Post aus New York

Zensiert in China: Hillary Clintons Memoiren

Von Ute Thon
25.09.2003. Hillary Clintons "Memoiren" wurden in der chinesischen Übersetzung zensiert. Der Verlag der US-Senatorin wehrt sich mit einer speziellen Website.
Hillary Rodham Clintons "Living History" (deutsch: Hillary Clinton: "Gelebte Geschichte") entwickelt sich auch in China zum Bestseller. Jetzt sorgt das autobiografische Buch der US-Senatorin und ehemaligen First Lady dort zudem für einen hochkarätigen Zensurskandal. Seit es am 3. August in chinesischer Fassung erschien, wurden über 200.000 Exemplare verkauft, eine Sensation für den chinesischen Buchmarkt, die das Buch zur bestverkauften ausländischen Politikerbiografie aller Zeiten macht - ein Umstand, der wohl auch damit zu tun hat, dass der chinesische Verlag, Yilin Publishing House, mit einer besonders originalgetreuen Übersetzung wirbt. Deshalb dürfte es auch die zensurerprobten chinesischen Leser überraschen, dass in ihrer Ausgabe wichtige Bemerkungen über China einfach herausgestrichen wurden.

Wie die New York Times gestern zuerst vermeldete, fehlen kritische Passagen, in denen Clinton die Verhaftung des chinesischen Menschenrechtsaktivisten Harry Wu kommentiert und anmerkt, dass die Empörung über die Festnahme auch ihre Teilnahme an der Weltfrauenkonferenz 1995 in Bejing in Frage stellte. Ferner wurden Bemerkungen über die blutige Niederschlagung der Studentenproteste auf dem Tiananmen-Platz, zu Chinas Tibetpolitik und die drakonischen Methoden zur Geburtenregelung von den chinesischen Zensoren herausgekürzt. Insgesamt zehn Passagen wurden verändert oder komplett gestrichen.

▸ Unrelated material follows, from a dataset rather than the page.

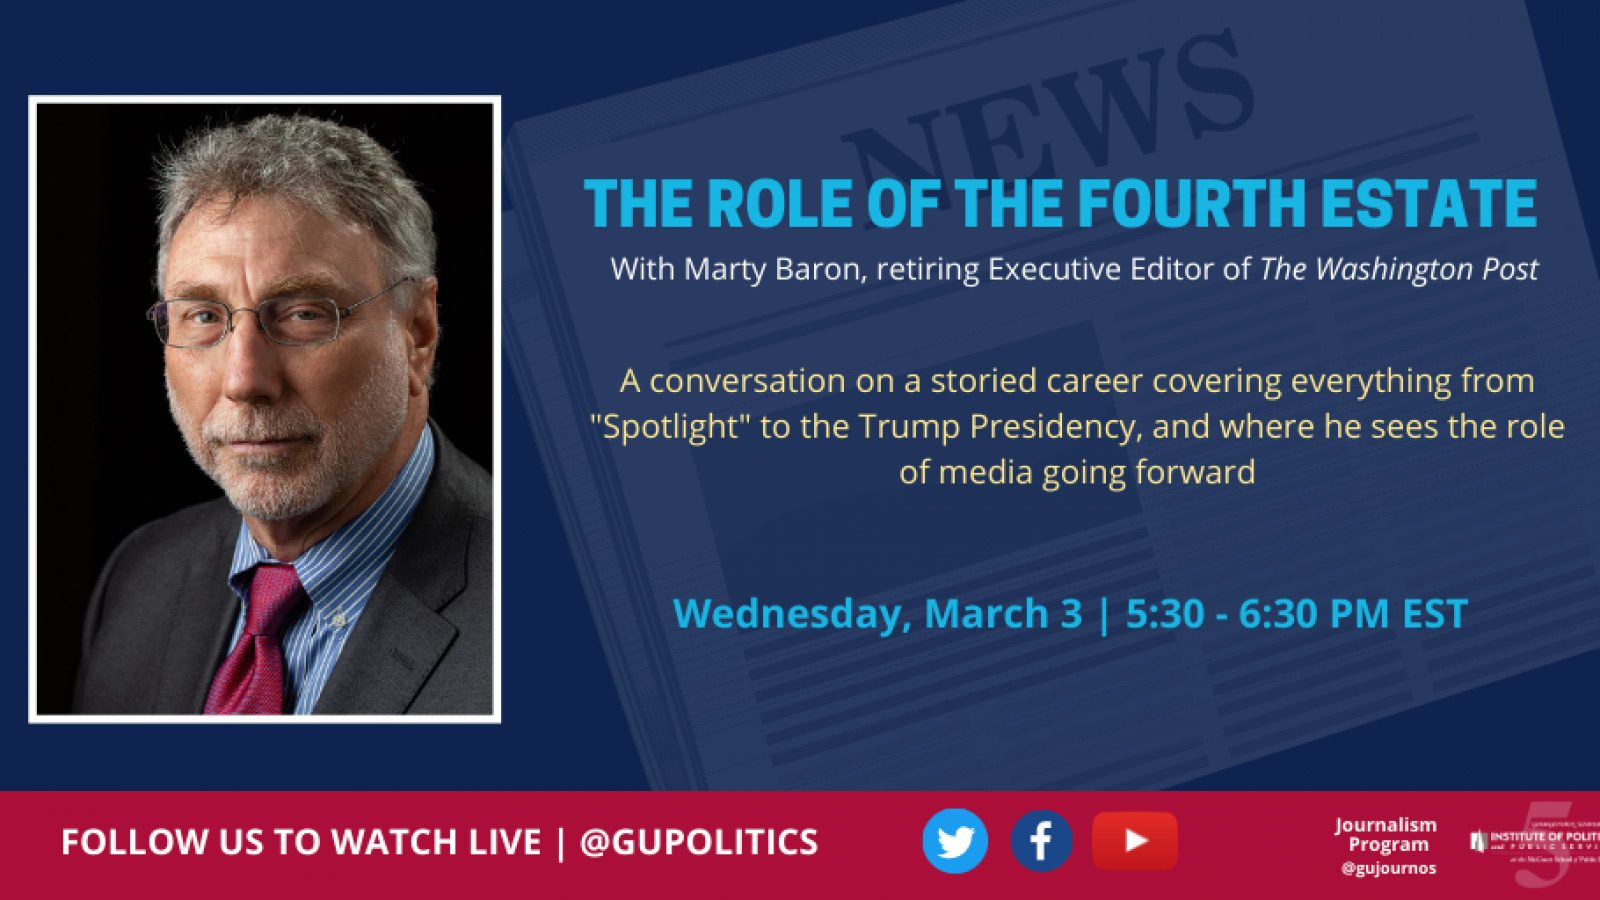 Just three days after stepping down as the Executive Editor of The Washington Post, Marty Baron joined the Georgetown Institute of Politics and Public Service at the McCourt School of Public Policy for a valedictory appearance covering his time in journalism and the role of the Fourth Estate.

Clintons Verleger Simon & Schuster hat inzwischen beim chinesischen Verlagspartner gegen den offenkundigen Vertragsbruch offiziell Protest eingelegt. Die US-Verleger verlangen die sofortige Rücknahme der zensierten Exemplare und die Veröffentlichung einer akkuraten und kompletten Übersetzung. Auch Hillary Clinton zeigte sich "überrascht und empört" über den eigenmächtigen Akt von Zensur. Ihr Anwalt, Robert Barnett, sagte, die Senatorin werde "alles tun, was in ihrer Macht steht, um sicherzustellen, dass die Leser in China eine genaue Übersetzung meines Buches bekommen".

Simon & Schuster hat bereits eine spezielle Webseite eingerichtet, auf der alle zensierten Passagen markiert und die Auslassungen in englisch und chinesisch wiedergegeben werden. Yilin-Verlagsdirektor Lui Feng hält die Streichungen dagegen für unwesentlich und entschuldigt die mangelnde Kommunikation mit den amerikanischen Partnern mit Zeitdruck, um illegalen Raubkopierern zuvorzukommen. "Living History" hat seit seinem Erscheinen am 9. Juni allein auf dem US-Markt 1,4 Millionen Exemplare verkauft. 36 ausländische Verlage erwarben die Rechte zur Veröffentlichung. Der chinesische Verlag Yilin zahlte laut New York Times 20.000 Dollar. Das Buch kostet dort umgerechnet 3 Dollar 60, doch auf Bejings Stassen sind Raubkopien bereits für knapp die Hälfte zu haben.

Nicht nur politisch hochbrisante Zitate fielen der Zensur zum Opfer. Auf Seite 460 beschreibt Clinton ein eher komisches Beispiel staatlicher Kontrolle. Während eines Staatsbesuch in Shanghai beschließt die Präsidentengattin kurzerhand, einen Besuch in einen örtlichen Restaurant einzuschieben. "Ein paar Stunden vorher erscheint die chinesische Polizei und schickt alle Leute aus den umliegenden Geschäften weg. Sie werden durch attraktive, jungen Leuten in westlicher Kleidung ersetzt", schreibt Clinton eine absurde Episode, die chinesischen Lesern vorenthalten wurde.

Zwar ist Zensur in China immer noch ein selbstverständlicher Teil des Alltags. Doch in den letzten Jahren versucht die Regierung durch verstärkte Veröffentlichung ausländischer Bücher und Filme das Bild einer offeneren Gesellschaft zu vermitteln, nicht zuletzt um damit Chinas Chancen für die Aufnahme in die Welthandelsorganisation zu verbessern. Die großangelegte Werbekampagne für Clintons Buch wurde denn zunächst als Zeichen für mehr Toleranz und Offenheit gewertet. Ein Verlagssprecher pries die Übersetzung in der chinesischen Presse als "99,9 Prozent des Originalinhalts".